本研究探讨基质细胞衍生因子-1(SDF-1)和CXC趋化因子受体4(CXCR4)水平与视神经损伤后大鼠视网膜中半胱天冬酶-3(caspase-3)表达的相关性。
选取24只成年健康无特定病原体的Sprague-Dawley大鼠,随机分为视神经损伤组(n = 16)和视神经假损伤组(n = 8)。视神经损伤组在损伤后进一步分为3 d组(n = 8)和7 d组(n = 8)。在视神经损伤组,每只大鼠的左眼摘除并采用视神经夹闭法制备视神经损伤模型。在假损伤组,仅暴露左眼视神经但不夹闭。在视神经损伤后3 d和7 d处死大鼠,分离视网膜。采用免疫组织化学方法检测各组大鼠视网膜中SDF-1、CXCR4和caspase-3的表达。分别采用定量实时聚合酶链反应(qPCR)和蛋白质印迹法检测大鼠视网膜中SDF-1、CXCR4和caspase-3(裂解的caspase-3)的信使核糖核酸(mRNA)和蛋白质表达。此外,采用Spearman法分析SDF-1和CXCR4表达与caspase-3表达的相关性。采用末端脱氧核苷酸转移酶介导的dUTP缺口末端标记(TUNEL)染色观察各组大鼠视网膜神经节细胞的凋亡情况。

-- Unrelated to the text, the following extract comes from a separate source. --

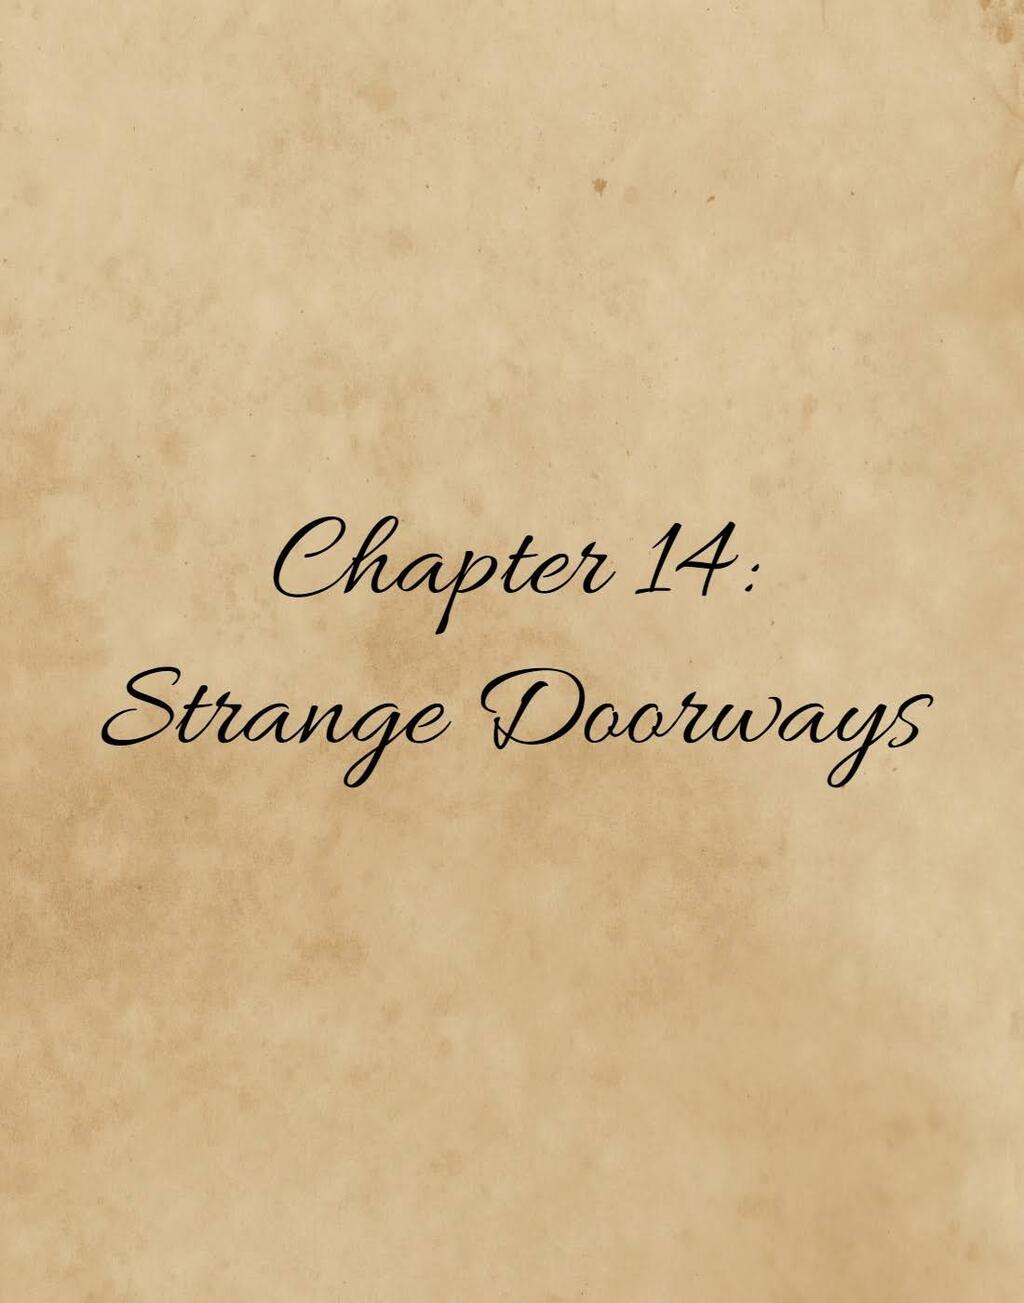 Chapter 14: Strange Doorways

视网膜免疫组织化学显示,与假损伤组相比,3 d组和7 d组视网膜中SDF-1和CXCR4的表达逐渐增加。损伤后3 d时caspase-3表达显著升高,但损伤后7 d时明显降低。qPCR结果显示,视神经损伤后3 d和7 d时视网膜中SDF-1和CXCR4 mRNA的相对表达水平也显著高于假损伤组(<0.01),损伤后3 d时caspase-3 mRNA表达最初增加,但损伤后7 d时降低(<0.01)。检测SDF-1、CXCR-4和caspase-3蛋白的蛋白质印迹显示变化与qPCR相似。Spearman分析结果表明,SDF-1和CXCR4表达之间呈正相关,但SDF-1和CXCR4的表达与caspase-3表达呈负相关。TUNEL染色显示,3 d组视网膜细胞凋亡增加,但7 d组显著减少。
视神经损伤后,SDF-1和CXCR4水平持续升高,通过抑制caspase-3的裂解激活来抑制视网膜细胞凋亡并修复视网膜。这为视神经损伤的现行治疗提供了新的见解。